Bournemouth Symphony Orchestra/James Feddeck at Lighthouse – Tragic Overture & Sibelius 5 – Alexei Volodin plays Tchaikovsky

Tragic Overture, Op.81
Piano Concerto No.2 in G, Op.44
Symphony No.5 in E-flat, Op.82

Alexei Volodin (piano)

Bournemouth Symphony Orchestra
James Feddeck

Reviewed by: David Truslove

Reviewed: 11 January, 2017
Venue: Lighthouse, Poole, Dorset, England

James FeddeckPhotograph: Terry JohnstonSolti Award-winner James Feddeck was making his debut with the Bournemouth Symphony Orchestra. He produced an imposing, no-nonsense and intelligently sculptured account of Brahms’s Tragic Overture, his unfussy direction and clarity of purpose bringing cohesion to its outlines. The BSO responded with playing of deep commitment and sonorous string tone richly supported by brass and woodwinds. Whether the mood was noble or mysterious Feddeck always had an ear for balance.

Tchaikovsky’s Second Piano Concerto was given in its original version rather than Siloti’s cut and emendated edition. In this persuasive account the much-criticised padding all-but-disappeared in a performance that underlined emotion and drama. The structural defects could easily be overlooked given Alexei Volodin’s compelling rendition. There were odd moments of muddy tone in the opening movement but Volodin’s cascading octaves were delivered with devastating accuracy and the passion he brought to the big cadenza was persuasive. Feddeck deftly blended grand statements with gentle lyricism.

Alexei VolodinPhotograph: Marco BorggreveMusicianship of great warmth characterised the soulful central movement in which Amyn Merchant (violin) and Jesper Svedberg (cello) took star turns with Volodin, with no sense of indulging chocolate-box romanticism. In the Finale, a high-wire act, Volodin played with breathtaking scintillation; there was power, eloquence and humour rolled into one. This Concerto could not have had better advocates.
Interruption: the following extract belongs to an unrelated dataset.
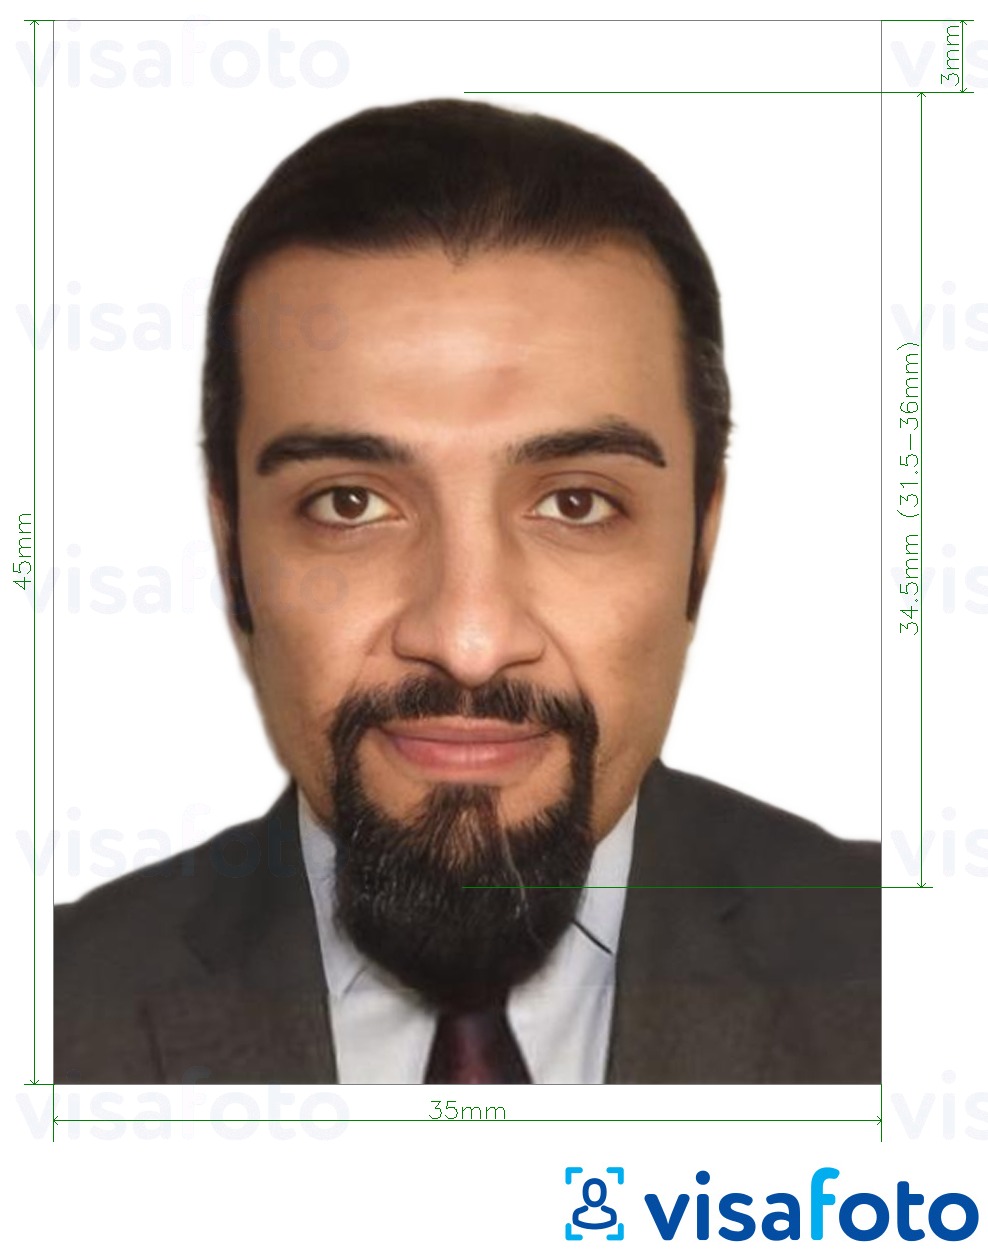  Etioopia e-viisa Internetis 35x45 mm (3.5x4.5 cm) fotonäidis koos täpse infoga mõõtude kohta.

Following the interval the masterpiece that is Sibelius’s Fifth Symphony was given with complete assurance. With Feddeck stroking the air with gestures that belied the first movement‘s desolation and cumulative tensions, he fashioned an account that was rhythmically taut yet flexible, and the eerie passage for bassoon loomed out of furtive string textures. The movement’s metrical and tempo transformation was smoothly achieved and built towards a thrilling conclusion. No less atmospheric was the Andante where pizzicatos and velvet woodwinds and horns breathed vivid life into its elusive discourse. The Finale was distinguished by fabulous pianissimo strings (with some mezzo-piano page-turning!), a heart-easing transition into the majestic ‘swan’ melody and affirmative closing chords.